The Iip31 molecules might enter the
endosomal/lysosomal compartment either directly from the TGN or by
internalization from the cell surface. The relative contributions of
these two routes for Iip31 is presently not known. Odorizzi et
al.(1994) estimate that more than 80% of hybrid molecules
containing the Iip31 cytoplasmic and transmembrane domains and the
transferrin receptor lumenal domain are delivered intracellularly from
the TGN to the endocytic pathway. For the CI-M6PR and CD-M6PR, which
contain tyrosine-based and di-leucine-based targeting motifs, mutation
or deletion of the di-leucine pair did not alter their internalization
rates, but drastically reduced correct sorting of lysosomal enzymes
(Lobel et al., 1989; Johnson and Kornfeld, 1992a). These
results suggest that di-leucine motifs mediate direct sorting of
CD-M6PR from the TGN to late endosomes. In this report and others
(Letourneur and Klausner, 1992; Ogata and Fukuda, 1994; Pieters et
al., 1993; Aiken et al., 1994), di-leucine-based motifs
were shown to mediate internalization from the cell surface. Moreover,
internalization of the CD4 molecule and of the CD3 -Tac hybrid is
likely to proceed via clathrin-coated pits (Pelchen-Matthews et
al., 1991; Letourneur and Klausner, 1992). Thus, it is likely that
the di-leucine motif is recognized at the TGN and at the cell surface.

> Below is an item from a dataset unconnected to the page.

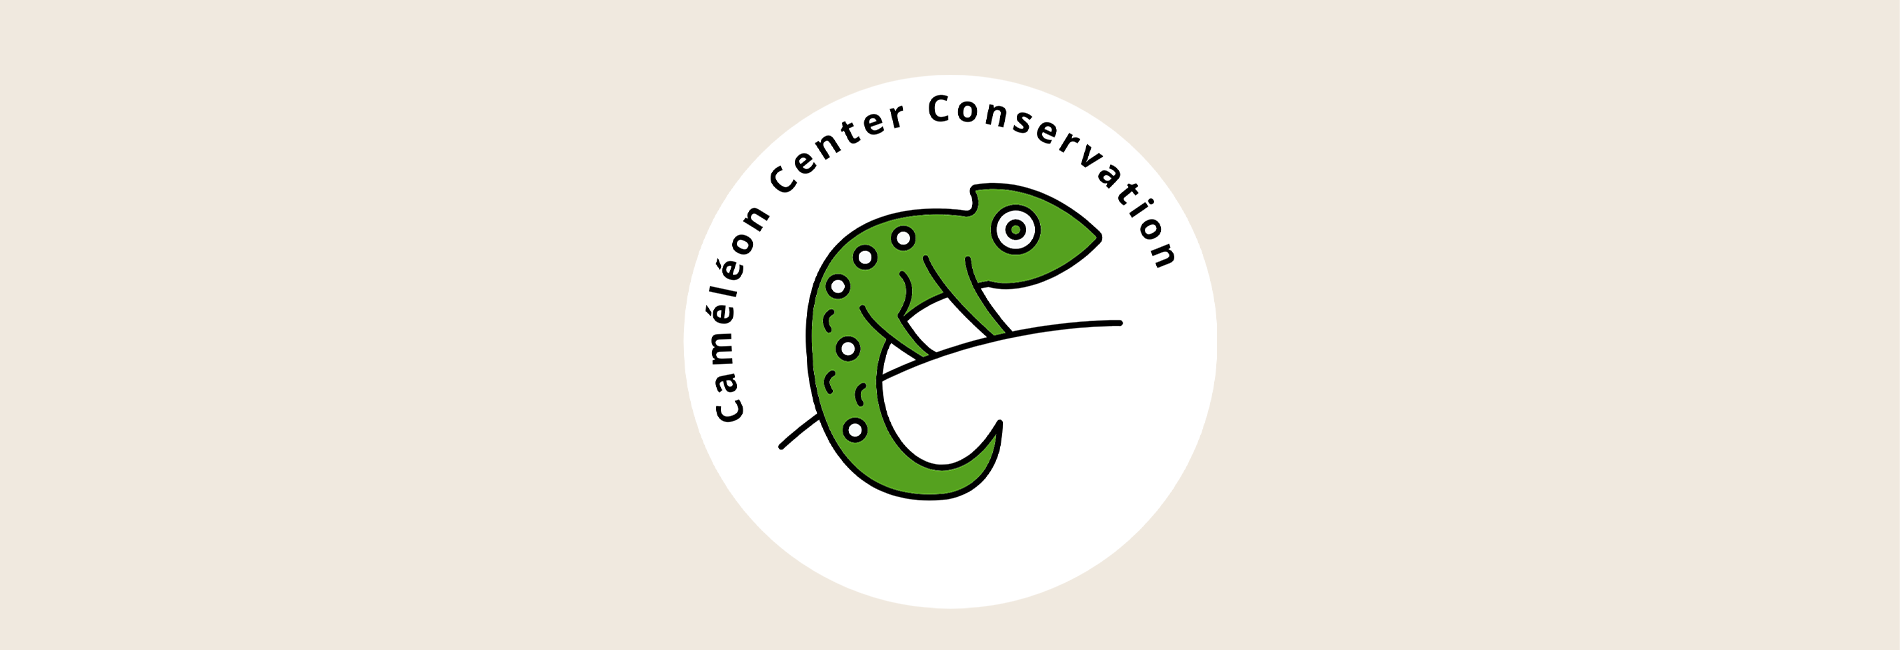 Cameleon Center Conservation

This suggestion raises further questions. Are the proteins recognizing
the same di-leucine motifs at the TGN as at the cell surface? Are these
proteins the same as the adaptin complexes that recognize aromatic
residue-based internalization motifs (Glickman et al., 1989).

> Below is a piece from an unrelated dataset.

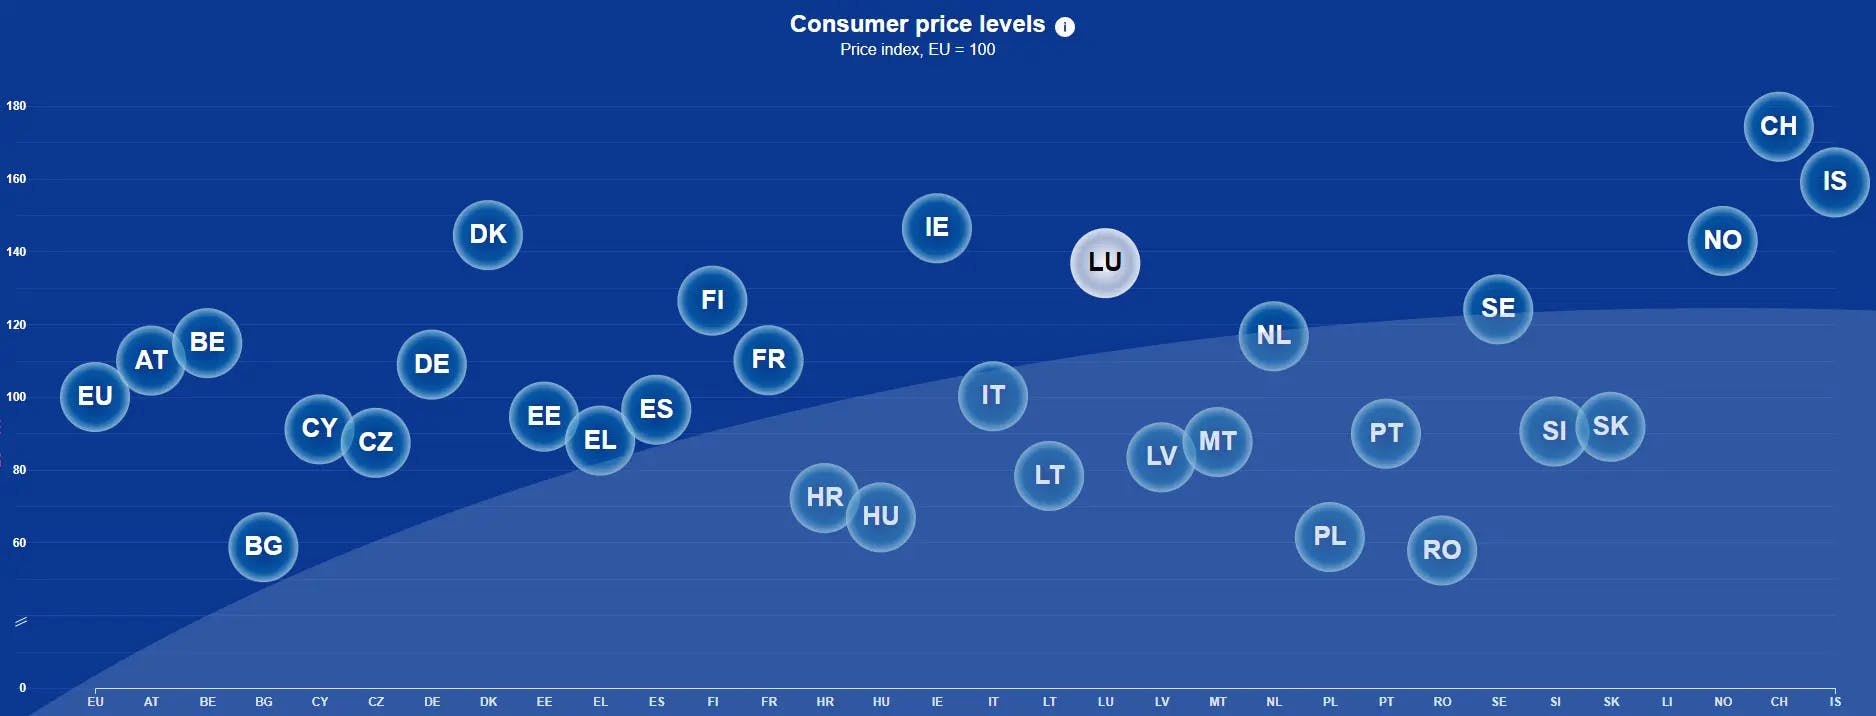 Consumer price levels in EU

The results described here provide insight into the minimal
requirements for Iip31 internalization and endocytic targeting mediated
by its two di-leucine-based signals. Our results show that acidic
residues are required for targeting of Ii within the endosomal
compartment, that internalization is not determined solely by the
di-leucine-like pairs, and that nearby residues also contribute to
efficient internalization. If all di-leucine-based motifs are
recognized by the same targeting molecules, it is probable that a
common secondary structure exists. Future studies will determine the
validity of this hypothesis. The sequence requirements for the
di-leucine-based signals are strikingly different from the aromatic
residue-based signals, although parallels may yet exist between the
di-leucine-based motif structure and the aromatic residue-based motif
-turn or nascent
-helical structure. The discovery that
di-leucine-based signals responsible for internalization and endosomal
targeting involve a larger motif helps explain the specificity of the
molecular recognition events required for protein sorting.